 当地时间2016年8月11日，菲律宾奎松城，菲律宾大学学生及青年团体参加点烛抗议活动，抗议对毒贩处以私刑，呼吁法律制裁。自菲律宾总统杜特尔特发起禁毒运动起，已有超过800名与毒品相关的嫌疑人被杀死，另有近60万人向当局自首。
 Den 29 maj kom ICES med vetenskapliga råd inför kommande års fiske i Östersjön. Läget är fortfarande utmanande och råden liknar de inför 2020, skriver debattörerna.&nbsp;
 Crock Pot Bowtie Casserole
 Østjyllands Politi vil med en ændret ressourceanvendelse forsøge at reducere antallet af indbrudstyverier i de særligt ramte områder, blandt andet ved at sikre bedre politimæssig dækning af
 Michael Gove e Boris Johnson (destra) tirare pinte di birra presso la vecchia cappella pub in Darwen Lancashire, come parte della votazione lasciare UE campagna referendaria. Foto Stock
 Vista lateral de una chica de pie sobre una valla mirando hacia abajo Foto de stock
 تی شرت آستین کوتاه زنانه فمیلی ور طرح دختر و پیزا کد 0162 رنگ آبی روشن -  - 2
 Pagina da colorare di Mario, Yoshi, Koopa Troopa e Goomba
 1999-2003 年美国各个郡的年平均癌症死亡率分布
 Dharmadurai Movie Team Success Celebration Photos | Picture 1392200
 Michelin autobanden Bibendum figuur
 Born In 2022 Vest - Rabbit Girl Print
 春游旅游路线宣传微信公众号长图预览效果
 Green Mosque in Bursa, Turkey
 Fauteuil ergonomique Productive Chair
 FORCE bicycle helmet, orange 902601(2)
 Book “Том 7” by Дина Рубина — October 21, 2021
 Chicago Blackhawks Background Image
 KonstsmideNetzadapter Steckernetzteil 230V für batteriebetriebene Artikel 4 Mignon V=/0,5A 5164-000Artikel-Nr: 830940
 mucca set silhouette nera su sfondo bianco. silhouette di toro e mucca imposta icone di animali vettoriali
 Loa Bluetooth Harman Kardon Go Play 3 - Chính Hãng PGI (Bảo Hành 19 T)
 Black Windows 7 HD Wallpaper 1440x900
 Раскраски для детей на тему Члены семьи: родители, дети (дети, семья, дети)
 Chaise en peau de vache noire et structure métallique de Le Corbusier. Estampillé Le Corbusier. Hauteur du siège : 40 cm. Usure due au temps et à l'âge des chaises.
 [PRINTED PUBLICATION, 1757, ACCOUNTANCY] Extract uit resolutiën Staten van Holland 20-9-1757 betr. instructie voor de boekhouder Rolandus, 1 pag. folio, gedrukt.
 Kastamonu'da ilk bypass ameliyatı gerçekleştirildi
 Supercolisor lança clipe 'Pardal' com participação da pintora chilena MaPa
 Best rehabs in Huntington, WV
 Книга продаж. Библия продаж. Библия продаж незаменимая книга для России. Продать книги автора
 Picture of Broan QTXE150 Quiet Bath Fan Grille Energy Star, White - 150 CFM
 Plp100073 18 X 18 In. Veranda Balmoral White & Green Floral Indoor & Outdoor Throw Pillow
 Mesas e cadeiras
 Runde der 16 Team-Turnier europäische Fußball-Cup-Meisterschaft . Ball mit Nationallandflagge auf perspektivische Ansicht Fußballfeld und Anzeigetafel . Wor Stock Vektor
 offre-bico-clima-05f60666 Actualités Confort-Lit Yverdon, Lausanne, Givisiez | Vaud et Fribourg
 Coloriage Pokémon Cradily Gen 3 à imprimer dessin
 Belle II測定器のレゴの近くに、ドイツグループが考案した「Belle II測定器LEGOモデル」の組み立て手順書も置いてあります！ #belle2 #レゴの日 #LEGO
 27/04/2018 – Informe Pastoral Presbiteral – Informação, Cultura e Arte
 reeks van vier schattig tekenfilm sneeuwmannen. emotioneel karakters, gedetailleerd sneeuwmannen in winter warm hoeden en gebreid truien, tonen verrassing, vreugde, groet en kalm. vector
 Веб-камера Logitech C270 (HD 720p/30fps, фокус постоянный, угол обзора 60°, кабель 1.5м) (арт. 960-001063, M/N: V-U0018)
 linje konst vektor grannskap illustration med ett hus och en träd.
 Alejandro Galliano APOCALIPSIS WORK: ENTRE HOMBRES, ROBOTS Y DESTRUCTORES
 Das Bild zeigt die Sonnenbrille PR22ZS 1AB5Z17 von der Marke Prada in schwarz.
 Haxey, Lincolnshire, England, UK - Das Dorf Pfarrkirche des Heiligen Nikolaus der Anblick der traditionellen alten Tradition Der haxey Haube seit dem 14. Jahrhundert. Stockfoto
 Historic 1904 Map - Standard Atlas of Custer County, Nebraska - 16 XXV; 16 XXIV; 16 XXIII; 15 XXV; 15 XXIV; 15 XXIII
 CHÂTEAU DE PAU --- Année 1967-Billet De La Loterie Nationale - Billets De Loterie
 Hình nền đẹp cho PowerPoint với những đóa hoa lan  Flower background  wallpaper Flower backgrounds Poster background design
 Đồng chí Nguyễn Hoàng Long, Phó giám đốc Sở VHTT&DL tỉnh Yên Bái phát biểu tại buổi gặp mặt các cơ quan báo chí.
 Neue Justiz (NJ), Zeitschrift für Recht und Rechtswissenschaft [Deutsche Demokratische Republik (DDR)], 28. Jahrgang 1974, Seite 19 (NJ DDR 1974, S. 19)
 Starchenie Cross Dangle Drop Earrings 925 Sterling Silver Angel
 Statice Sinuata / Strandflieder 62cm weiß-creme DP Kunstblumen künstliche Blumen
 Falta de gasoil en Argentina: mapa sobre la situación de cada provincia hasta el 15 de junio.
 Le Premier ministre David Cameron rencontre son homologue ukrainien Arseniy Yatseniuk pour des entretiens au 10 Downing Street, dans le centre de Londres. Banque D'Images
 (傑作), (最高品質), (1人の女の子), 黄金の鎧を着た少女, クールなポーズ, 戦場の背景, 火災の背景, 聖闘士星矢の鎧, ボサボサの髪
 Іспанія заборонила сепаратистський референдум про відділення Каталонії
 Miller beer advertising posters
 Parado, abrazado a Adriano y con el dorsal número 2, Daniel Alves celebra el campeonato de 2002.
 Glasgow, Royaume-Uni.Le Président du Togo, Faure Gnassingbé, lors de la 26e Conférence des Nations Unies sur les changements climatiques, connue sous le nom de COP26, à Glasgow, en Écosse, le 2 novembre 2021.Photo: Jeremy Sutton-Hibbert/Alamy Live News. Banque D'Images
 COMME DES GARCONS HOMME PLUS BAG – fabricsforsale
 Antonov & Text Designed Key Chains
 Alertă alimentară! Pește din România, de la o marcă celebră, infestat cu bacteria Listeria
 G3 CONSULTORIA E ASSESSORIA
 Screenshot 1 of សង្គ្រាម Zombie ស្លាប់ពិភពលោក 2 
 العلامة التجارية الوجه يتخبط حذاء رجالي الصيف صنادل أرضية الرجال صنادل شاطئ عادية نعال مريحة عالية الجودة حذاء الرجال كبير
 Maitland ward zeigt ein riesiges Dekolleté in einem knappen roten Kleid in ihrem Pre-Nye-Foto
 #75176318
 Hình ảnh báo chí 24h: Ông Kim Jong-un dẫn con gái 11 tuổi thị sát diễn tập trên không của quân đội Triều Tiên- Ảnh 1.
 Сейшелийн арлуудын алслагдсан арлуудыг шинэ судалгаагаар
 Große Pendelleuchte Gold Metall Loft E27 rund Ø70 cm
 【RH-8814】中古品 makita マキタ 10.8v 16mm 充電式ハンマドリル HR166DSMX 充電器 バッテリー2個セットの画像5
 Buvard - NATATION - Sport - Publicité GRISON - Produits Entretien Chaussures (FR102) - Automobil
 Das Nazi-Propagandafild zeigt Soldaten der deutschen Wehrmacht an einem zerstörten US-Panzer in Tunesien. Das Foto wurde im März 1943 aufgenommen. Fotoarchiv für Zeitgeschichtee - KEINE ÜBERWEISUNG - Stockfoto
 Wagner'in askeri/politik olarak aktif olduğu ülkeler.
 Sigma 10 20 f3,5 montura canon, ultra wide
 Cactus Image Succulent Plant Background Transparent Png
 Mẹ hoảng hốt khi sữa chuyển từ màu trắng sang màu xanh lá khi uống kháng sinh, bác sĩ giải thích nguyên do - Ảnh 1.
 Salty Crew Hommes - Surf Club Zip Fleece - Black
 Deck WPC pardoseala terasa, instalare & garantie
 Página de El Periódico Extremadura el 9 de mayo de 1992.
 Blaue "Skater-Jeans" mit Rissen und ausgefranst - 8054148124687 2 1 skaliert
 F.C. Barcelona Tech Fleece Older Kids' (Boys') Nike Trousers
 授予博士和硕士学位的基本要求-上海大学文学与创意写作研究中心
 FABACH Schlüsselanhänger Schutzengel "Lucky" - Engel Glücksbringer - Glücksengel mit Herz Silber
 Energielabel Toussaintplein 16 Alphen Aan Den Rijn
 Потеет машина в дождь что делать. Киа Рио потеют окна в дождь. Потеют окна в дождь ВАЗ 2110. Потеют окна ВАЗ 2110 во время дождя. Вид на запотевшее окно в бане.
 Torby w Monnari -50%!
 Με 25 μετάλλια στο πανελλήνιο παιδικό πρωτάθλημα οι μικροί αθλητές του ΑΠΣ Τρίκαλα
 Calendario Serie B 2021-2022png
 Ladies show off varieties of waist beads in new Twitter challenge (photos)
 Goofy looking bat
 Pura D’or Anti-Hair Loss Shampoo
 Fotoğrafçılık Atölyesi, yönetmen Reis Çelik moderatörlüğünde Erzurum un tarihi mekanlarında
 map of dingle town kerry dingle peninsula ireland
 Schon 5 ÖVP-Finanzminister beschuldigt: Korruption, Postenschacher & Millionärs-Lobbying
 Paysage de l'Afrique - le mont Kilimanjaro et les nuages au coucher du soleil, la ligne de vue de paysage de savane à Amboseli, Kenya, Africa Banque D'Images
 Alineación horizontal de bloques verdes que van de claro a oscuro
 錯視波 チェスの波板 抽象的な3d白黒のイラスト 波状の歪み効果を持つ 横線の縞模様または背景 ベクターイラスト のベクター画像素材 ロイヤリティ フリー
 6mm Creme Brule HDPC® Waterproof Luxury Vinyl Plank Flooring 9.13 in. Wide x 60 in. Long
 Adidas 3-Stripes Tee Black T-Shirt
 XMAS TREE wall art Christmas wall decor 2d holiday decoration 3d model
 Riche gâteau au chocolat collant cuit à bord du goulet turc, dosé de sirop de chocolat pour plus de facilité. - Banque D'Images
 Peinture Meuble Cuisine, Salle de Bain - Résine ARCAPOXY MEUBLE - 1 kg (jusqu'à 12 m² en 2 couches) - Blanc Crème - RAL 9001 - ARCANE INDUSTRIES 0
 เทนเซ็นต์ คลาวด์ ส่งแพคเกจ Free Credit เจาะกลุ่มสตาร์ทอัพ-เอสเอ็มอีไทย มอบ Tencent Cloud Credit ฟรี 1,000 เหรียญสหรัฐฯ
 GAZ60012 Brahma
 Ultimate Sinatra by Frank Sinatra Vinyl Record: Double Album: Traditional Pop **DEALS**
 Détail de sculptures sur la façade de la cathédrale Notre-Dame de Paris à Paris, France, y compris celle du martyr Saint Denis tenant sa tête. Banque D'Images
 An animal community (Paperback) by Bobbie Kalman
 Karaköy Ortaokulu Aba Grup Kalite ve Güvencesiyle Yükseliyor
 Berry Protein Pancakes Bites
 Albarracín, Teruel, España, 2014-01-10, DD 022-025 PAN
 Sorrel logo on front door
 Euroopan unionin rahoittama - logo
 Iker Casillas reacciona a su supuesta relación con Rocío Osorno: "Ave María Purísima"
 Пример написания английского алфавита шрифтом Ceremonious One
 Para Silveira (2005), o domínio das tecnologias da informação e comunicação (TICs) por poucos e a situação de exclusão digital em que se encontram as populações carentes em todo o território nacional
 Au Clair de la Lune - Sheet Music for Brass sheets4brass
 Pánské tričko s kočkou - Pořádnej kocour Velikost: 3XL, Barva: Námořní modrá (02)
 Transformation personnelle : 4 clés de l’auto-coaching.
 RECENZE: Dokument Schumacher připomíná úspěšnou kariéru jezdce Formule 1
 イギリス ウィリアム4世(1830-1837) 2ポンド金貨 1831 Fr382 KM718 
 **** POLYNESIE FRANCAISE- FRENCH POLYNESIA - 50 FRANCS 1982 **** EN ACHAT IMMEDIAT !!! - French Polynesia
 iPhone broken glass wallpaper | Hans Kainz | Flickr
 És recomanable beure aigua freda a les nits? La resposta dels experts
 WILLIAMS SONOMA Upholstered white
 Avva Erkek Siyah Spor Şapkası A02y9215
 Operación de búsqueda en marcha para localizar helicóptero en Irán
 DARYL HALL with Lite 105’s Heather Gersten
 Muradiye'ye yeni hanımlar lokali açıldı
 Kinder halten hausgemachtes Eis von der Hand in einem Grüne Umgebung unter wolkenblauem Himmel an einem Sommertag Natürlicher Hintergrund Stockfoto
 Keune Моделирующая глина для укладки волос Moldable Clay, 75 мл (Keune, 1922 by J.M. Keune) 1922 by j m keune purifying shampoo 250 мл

• **TASK REQUIREMENTS**
Reproduce, character for character, only the lines of the preceding data that start at the line with "Chaise en peau" and end at the line with "Coloriage Pokémon Cradily", both included.

• **WRITTEN ANSWER**
 Chaise en peau de vache noire et structure métallique de Le Corbusier. Estampillé Le Corbusier. Hauteur du siège : 40 cm. Usure due au temps et à l'âge des chaises.
 [PRINTED PUBLICATION, 1757, ACCOUNTANCY] Extract uit resolutiën Staten van Holland 20-9-1757 betr. instructie voor de boekhouder Rolandus, 1 pag. folio, gedrukt.
 Kastamonu'da ilk bypass ameliyatı gerçekleştirildi
 Supercolisor lança clipe 'Pardal' com participação da pintora chilena MaPa
 Best rehabs in Huntington, WV
 Книга продаж. Библия продаж. Библия продаж незаменимая книга для России. Продать книги автора
 Picture of Broan QTXE150 Quiet Bath Fan Grille Energy Star, White - 150 CFM
 Plp100073 18 X 18 In. Veranda Balmoral White & Green Floral Indoor & Outdoor Throw Pillow
 Mesas e cadeiras
 Runde der 16 Team-Turnier europäische Fußball-Cup-Meisterschaft . Ball mit Nationallandflagge auf perspektivische Ansicht Fußballfeld und Anzeigetafel . Wor Stock Vektor
 offre-bico-clima-05f60666 Actualités Confort-Lit Yverdon, Lausanne, Givisiez | Vaud et Fribourg
 Coloriage Pokémon Cradily Gen 3 à imprimer dessin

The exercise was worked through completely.